By Scott Graber
It is Friday, Nov. 28, and I’m sitting on my unevenly bricked patio pleasantly diverted by a small fire in my Solo-brand fire pot.
The elongated Thanksgiving weekend has a special place in my unreliable memory. As I push and probe the burning logs I remember road trips and hitch-hiking and taking a 3 a.m., cup of coffee with a world-weary waitress in Shreveport, La.
Later, in my law school years, there were trips northward into Manhattan, Queens and Connecticut.
Then, when my son came along, trips to Cumberland Island, Itchtucknee Springs and Gettysburg.
The four-day Thanksgiving weekend was not freighted with gift-buying, finding a tree, or going through miles of small, Chinese-made lights trying to replace those that had died. It was getting up, getting caffeinated and moving toward a place where one would find friends, perhaps a dusting of snow and, sometimes, the job of splitting firewood that maintained a minimal level of warmth in a rustic room usually accessorized with vintage Hudson Bay blankets.
In the last 15 years, Thanksgiving has not involved a road trip, or a walk through the Gettysburg Battlefield. It now features a communal meal taken with two dozen friends hosted by David and Terry Murray.
The Murrays live in Hundred Pines and have a house that commands a view of Battery Creek which is most impressive, almost magical, at high tide.

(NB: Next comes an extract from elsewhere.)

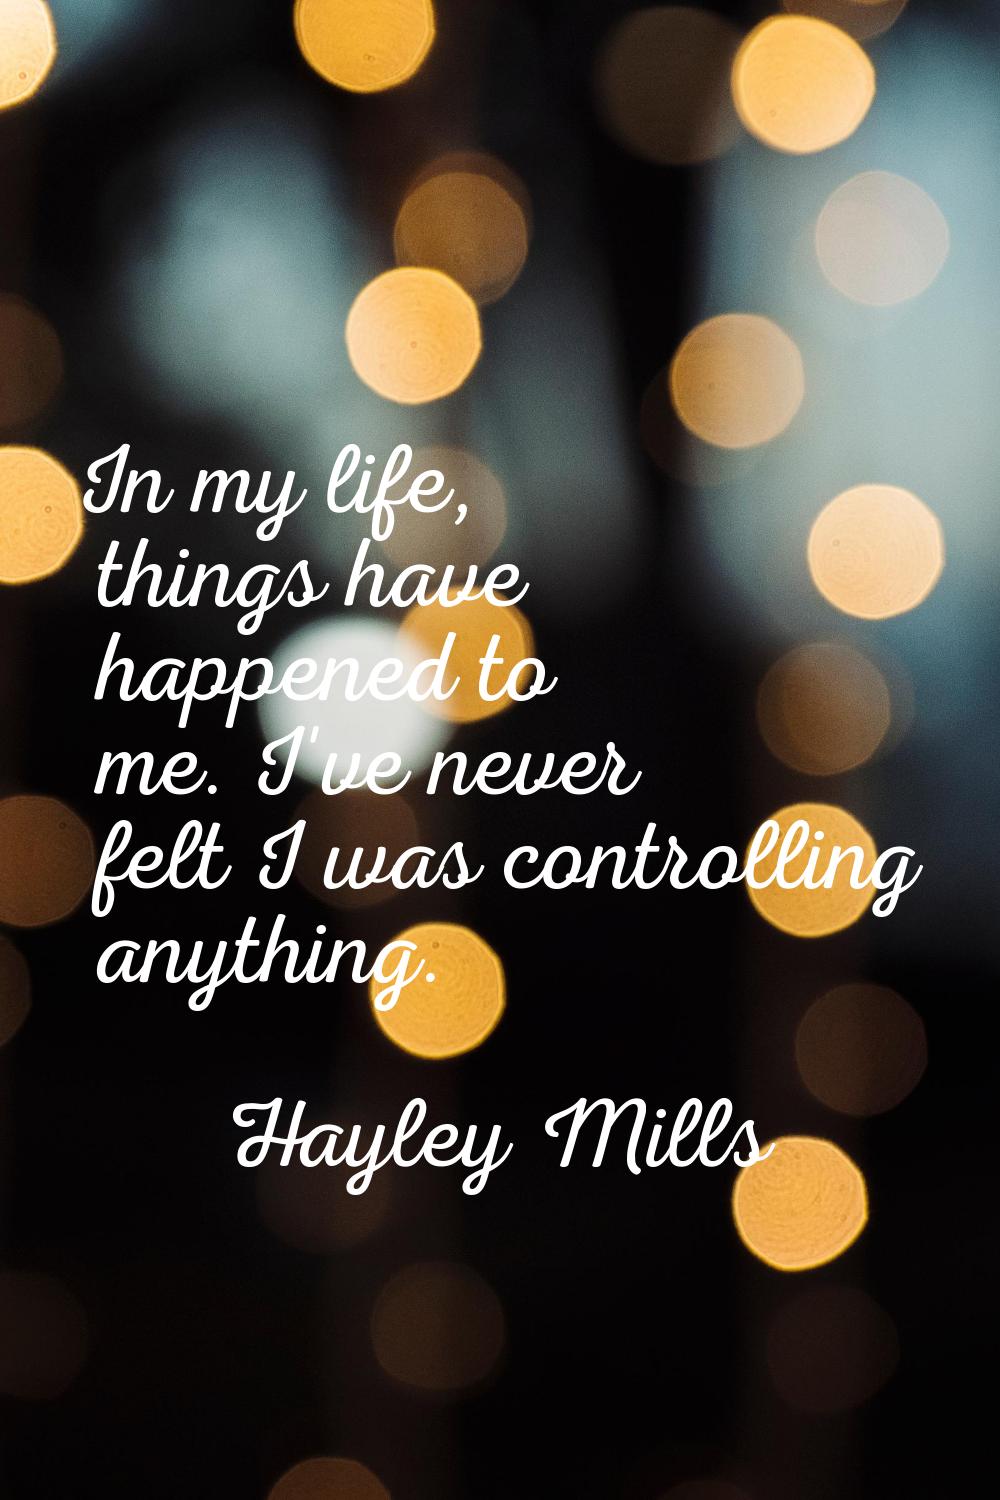 In my life, things have happened to me. I've never felt I was controlling anything.

In recent years, most of those who attended were older, Pleistocene-era friends — people who once kept Beaufort functioning.
But yesterday I was visited by a seasonal pathogen, and spent Thursday in bed, mostly listening to National Public Radio. And while NPR told us about turkeys and traffic, it also tried to explain the Ukrainian peace deal.
But other than periodic, predictable White House pronouncements saying, “We’re making tremendous progress”, there were few details on their Thanksgiving menu.
We do know, however, that the first, 28-point proposal insured that Ukraine would be dismembered; much of its army demobilized; and whatever remained would insure a weakened, forever neutered buffer for the perpetually paranoid Russian people. It reminded me that Joseph Stalin had tried to do the same thing in 1932.
In 1932, Joseph Stalin, believing that “nationalistic tendencies” were making the Ukrainian people dangerous, exported their entire grain harvest in order to finance the industrialization then underway in the Soviet Union.
This removal of grain — reminiscent of what the Brits did in Ireland in 1740 — triggered a famine that killed five to 10 million Ukrainian peasants.
You might think that five to 10 million deaths would lead to a natural antipathy; a lasting resentment of Stalin and all things Soviet.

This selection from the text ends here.